Distributed Training with PyTorch

This tutorial demonstrates how to run a distributed training workload with PyTorch on the NVIDIA Run:ai platform. Distributed training enables you to scale model training across multiple GPUs and nodes, improving performance and reducing training time. The example configurations provided here can be adapted to fit your own models, datasets, and training workflows.

Note

Before running the example, verify the supported CUDA version of PyTorch is compatible with your target GPU hardware.
While the walkthrough uses PyTorch as the framework, the same principles apply to other distributed training frameworks supported by NVIDIA Run:ai.
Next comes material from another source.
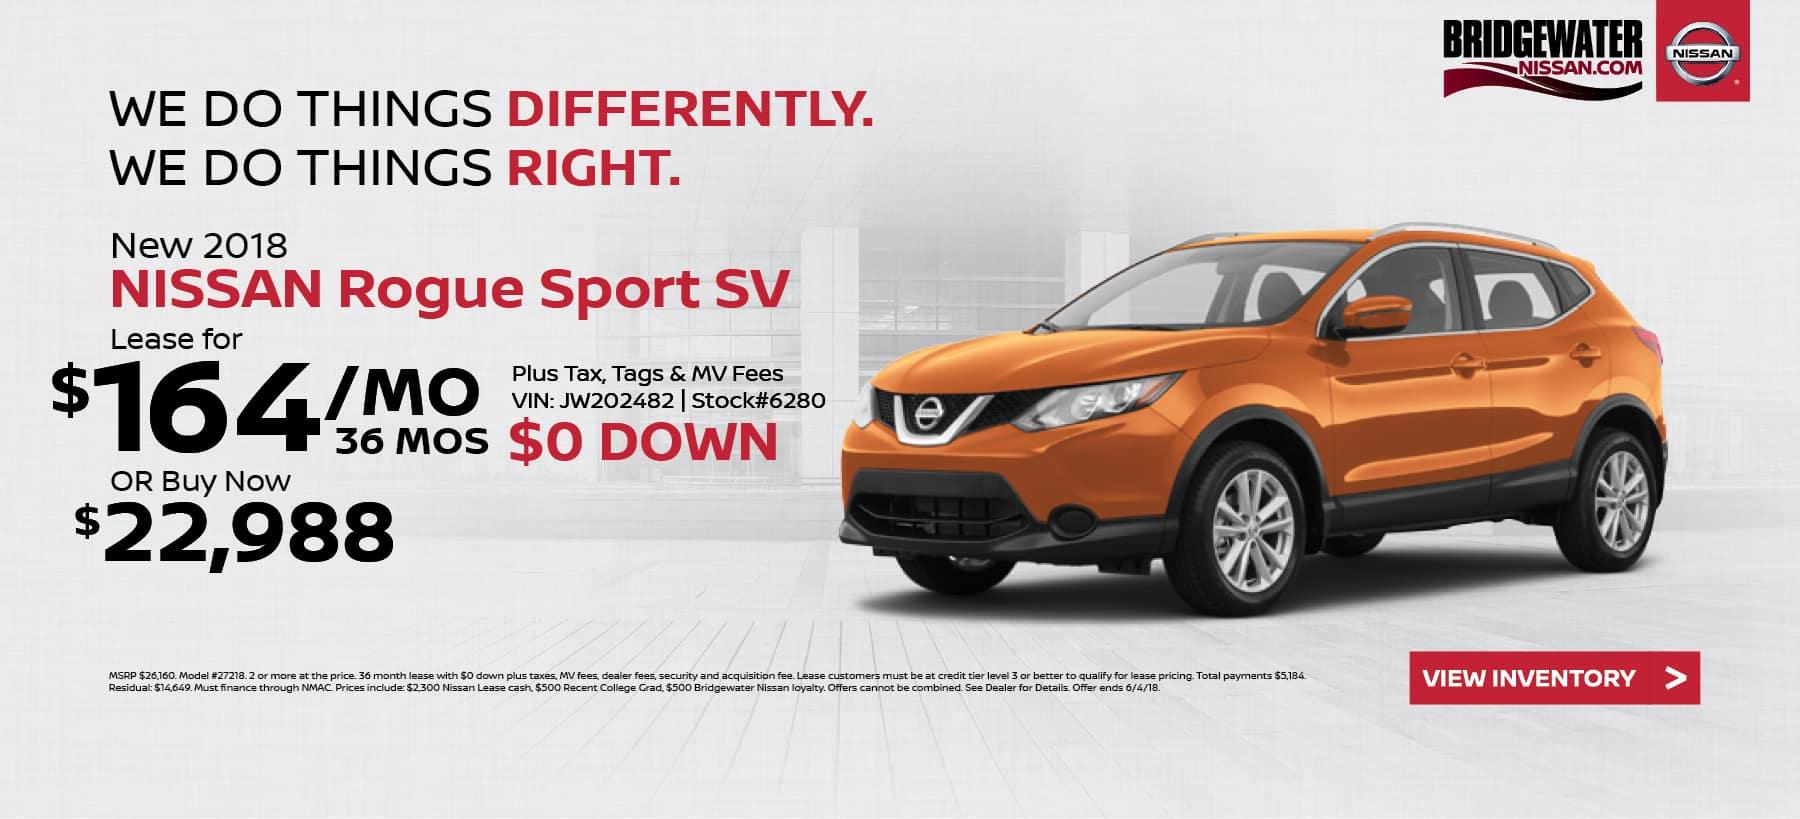 Nissan_RogueSport Bridgewater Nissan May Homepage Offer
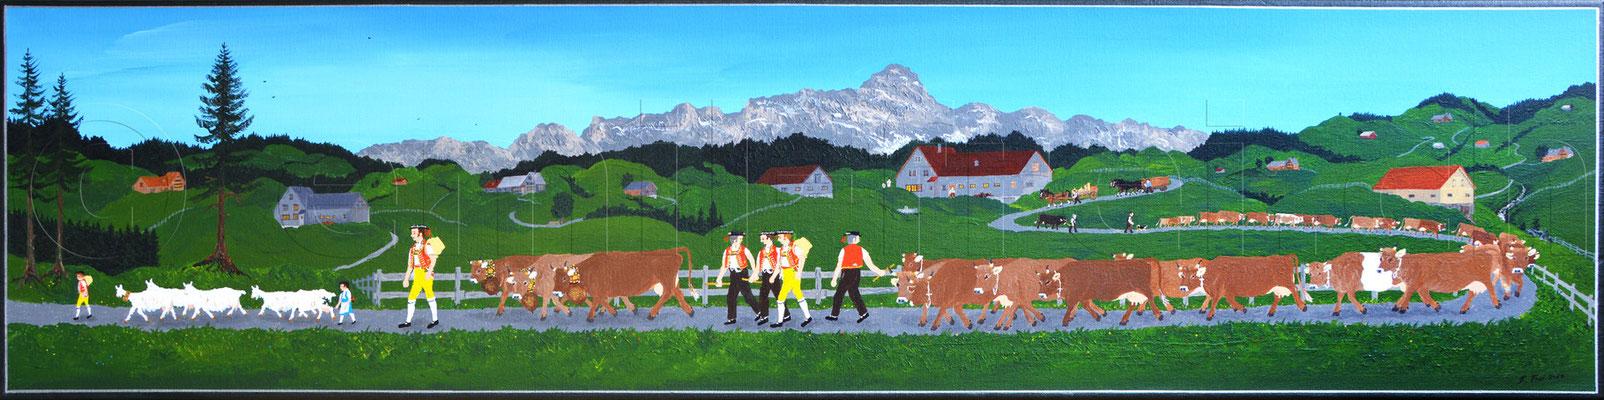 30 x 120 cm, Acryl auf Leinwand, 2014

In this tutorial, you will learn how to:

Build a custom PyTorch container image
Create a user access key for API integrations with NVIDIA Run:ai
Create a persistent data source for storing checkpoints
Submit and run a distributed training workload through the NVIDIA Run:ai user interface, CLI, or API
Monitor workload progress and retrieve generated checkpoints

Prerequisites

Before you start, make sure you have created a project or have one created for you.
To run a distributed PyTorch training workload, you must first build a custom Docker container. This allows you to package the required code into a container that can be run and shared for future workloads.
- The Docker runtime must be installed on a local machine with the same CPU architecture as the target hosts. For example, if the hosts use AMD64 CPUs, build the container on an AMD64 machine. If the hosts use ARM CPUs, build it on an ARM-based machine. Follow the Docker Engine installation guide to install Docker locally.
- To store and pull the image from your own private Docker registry, create your own Docker registry credential as detailed in Step 4.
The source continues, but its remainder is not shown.